Speech & TranscriptionDocumentedScanned

gettr-transcribe-summarize

Download audio from a GETTR post (via HTML og:video), transcribe it locally.

Installation

npx clawhub@latest install gettr-transcribe-summarize

View the full skill documentation and source below.

Documentation

Gettr Transcribe + Summarize (MLX Whisper)

Quick start

# 1. Parse the slug from the URL (just read it — no script needed)
#      → slug = p1abc2def
#     → slug = p3xyz

# 2. Get the video URL
#    For /post/ URLs: use the extraction script
python3 scripts/extract_gettr_og_video.py "<GETTR_POST_URL>"

#    For /streaming/ URLs: use browser automation directly (extraction script is unreliable)
#    See Step 1 below for browser automation instructions

# 3. Run download + transcription pipeline
bash scripts/run_pipeline.sh "<VIDEO_URL>" "<SLUG>"

To explicitly set the transcription language (recommended for non-English content):

bash scripts/run_pipeline.sh --language zh "<VIDEO_URL>" "<SLUG>"

Common language codes: zh (Chinese), en (English), ja (Japanese), ko (Korean), es (Spanish), fr (French), de (German), ru (Russian).

This outputs:

./out/gettr-transcribe-summarize//audio.wav

./out/gettr-transcribe-summarize//audio.vtt

Then proceed to Step 3 (Summarize) to generate the final deliverable.

Workflow (GETTR URL → transcript → summary)

Inputs to confirm

Ask for:

GETTR post URL
Output format: bullets only or bullets + timestamped outline
Summary size: short, medium (default), or detailed
Language (optional): if the video is non-English and auto-detection fails, ask for the language code (e.g., zh for Chinese)

Notes:

This skill does not handle authentication-gated GETTR posts.
This skill does not translate; outputs stay in the video's original language.
If transcription quality is poor or mixed with English, re-run with explicit --language flag.

Prereqs (local)

mlx_whisper installed and on PATH
ffmpeg installed (recommended: brew install ffmpeg)

Step 0 — Parse the slug and pick an output directory

Parse the slug directly from the GETTR URL — just read the last path segment, no script needed:

→ slug = p1abc2def- → slug = p3xyz789

Output directory: ./out/gettr-transcribe-summarize//

Directory structure:

./out/gettr-transcribe-summarize//audio.wav

./out/gettr-transcribe-summarize//audio.vtt

./out/gettr-transcribe-summarize//summary.md

Step 1 — Get the video URL

The approach depends on the URL type:

For `/post/` URLs — Use the extraction script

Run the extraction script to get the video URL from the post HTML:

python3 scripts/extract_gettr_og_video.py "<GETTR_POST_URL>"

This prints the best candidate video URL (often an HLS .m3u8) to stdout.

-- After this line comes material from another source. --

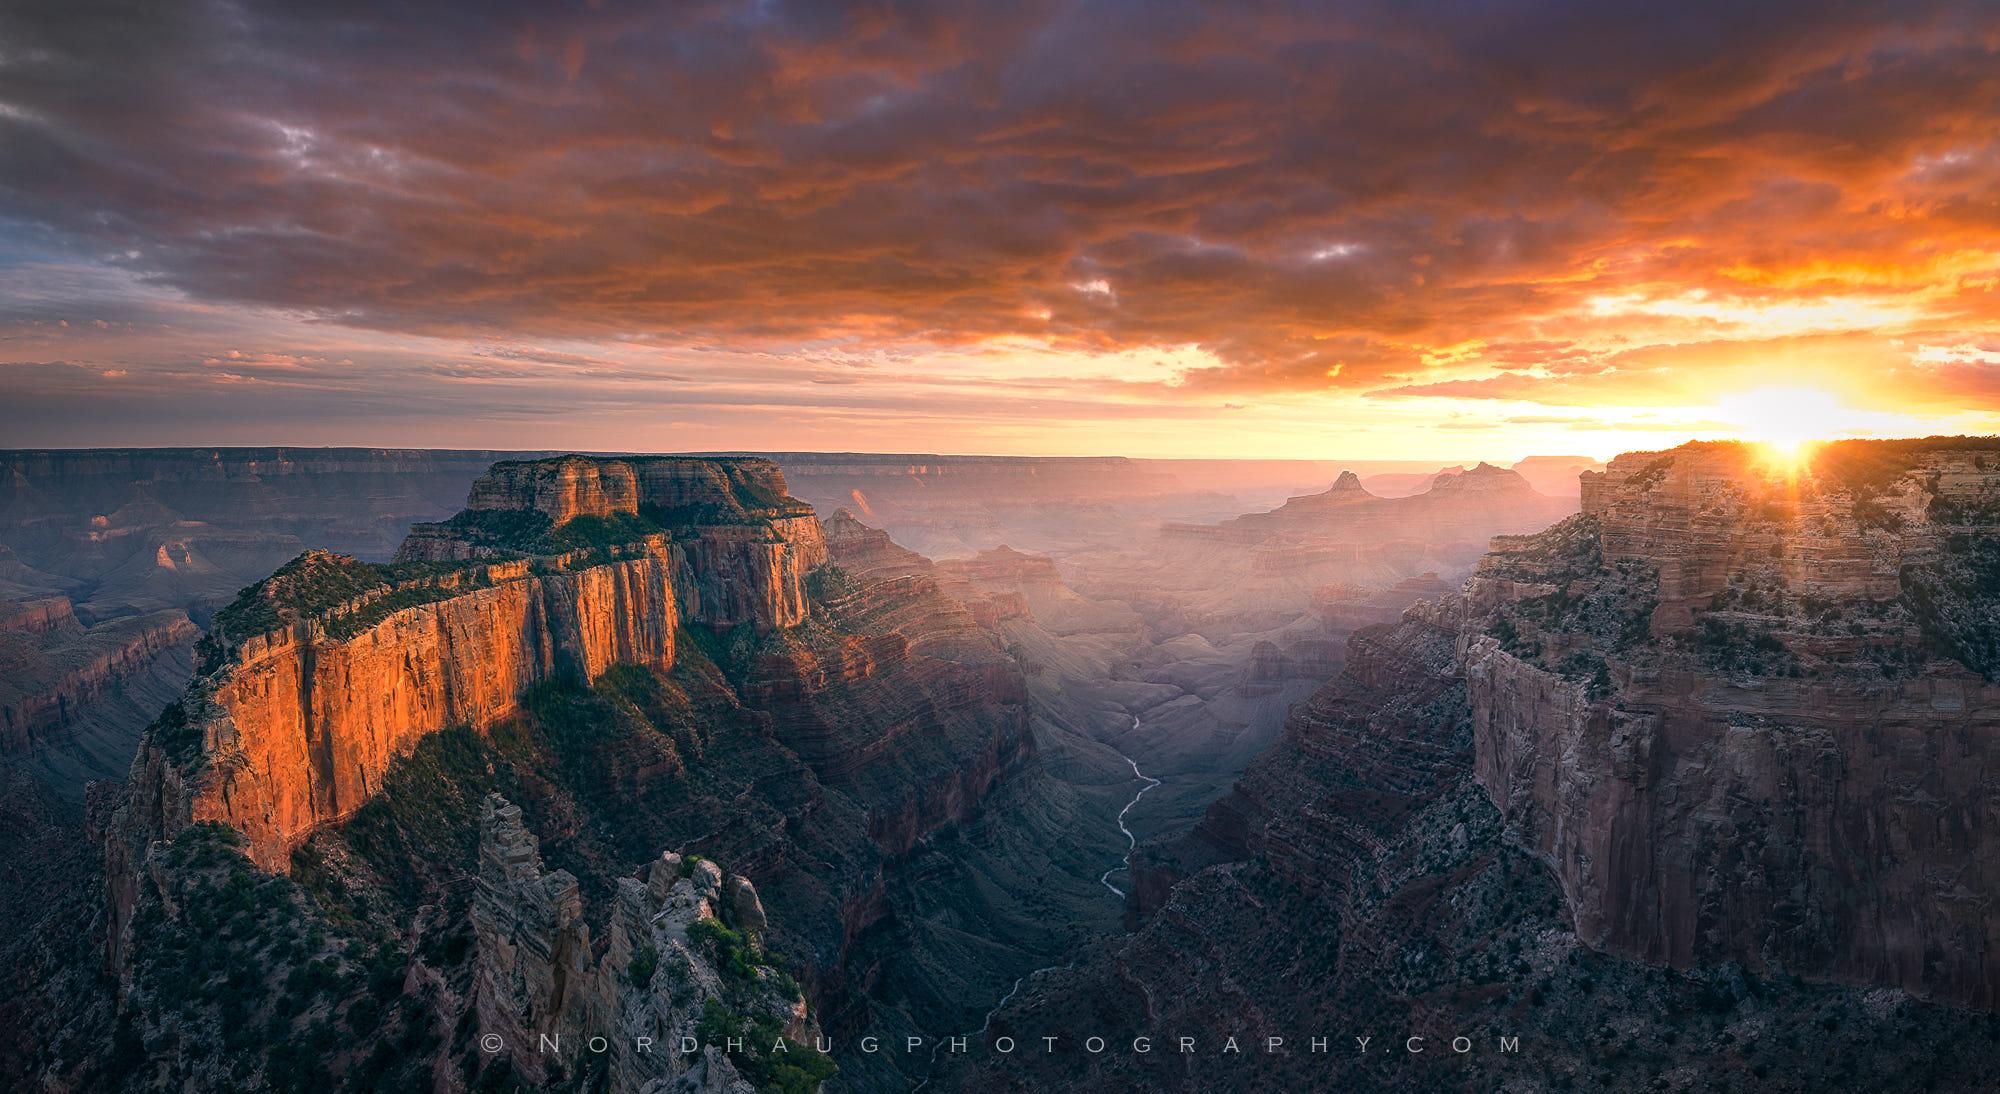 Sunset, Cape Royal, Grand Canyon National Park, USA

If extraction fails, ask the user to provide the .m3u8/MP4 URL directly (common if the post is private/gated or the HTML is dynamic).

For `/streaming/` URLs — Use browser automation directly

Do not use the extraction script for streaming URLs. The og:video URL from static HTML extraction is unreliable for streaming content — it either fails outright or the download stalls and fails near the end.

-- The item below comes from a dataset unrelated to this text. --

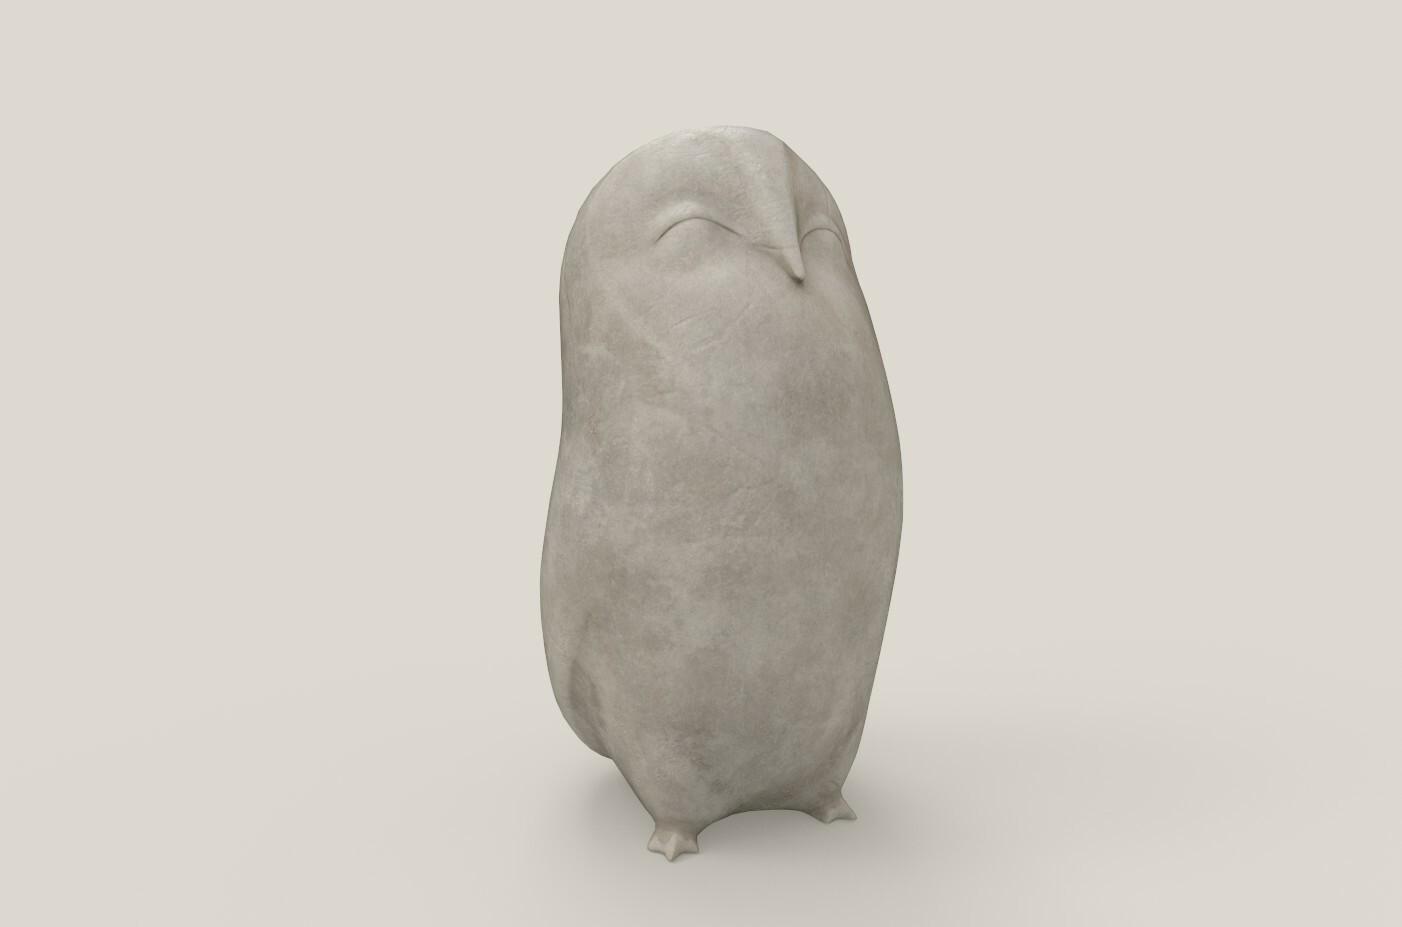 Owl Figurine Archimedes Render

Instead, use browser automation to get a fresh, dynamically-signed URL:

Open the GETTR streaming URL and wait for the page to fully load (JavaScript must execute)

Extract the og:video meta tag content from the rendered DOM:

document.querySelector('meta[property="og:video"]').getAttribute('content')

Use that fresh URL for the pipeline in Step 2

If browser automation is not available or fails, see references/troubleshooting.md for how to guide the user to manually extract the fresh URL from their browser.

Step 2 — Run the pipeline (download + transcribe)

Feed the extracted video URL and slug into the pipeline:

bash scripts/run_pipeline.sh "<VIDEO_URL>" "<SLUG>"

To explicitly set the language (recommended when auto-detection fails):

bash scripts/run_pipeline.sh --language zh "<VIDEO_URL>" "<SLUG>"

The pipeline does two things:

Downloads audio as 16kHz mono WAV via ffmpeg

Transcribes with MLX Whisper, outputting VTT with timestamps

If the pipeline fails with HTTP 412 (stale signed URL)

This error occurs with /streaming/ URLs when the signed URL has expired. If browser automation returned a stale URL, retry by re-running browser automation to get a fresh URL, then retry the pipeline.

If browser automation is not available or fails, see references/troubleshooting.md for how to guide the user to manually extract the fresh URL from their browser.

Notes:

By default, language is auto-detected. For non-English content where detection fails, use --language.

If too slow or memory-heavy, try smaller models: mlx-community/whisper-medium or mlx-community/whisper-small.

If quality is poor, try the full model: mlx-community/whisper-large-v3 (slower but more accurate).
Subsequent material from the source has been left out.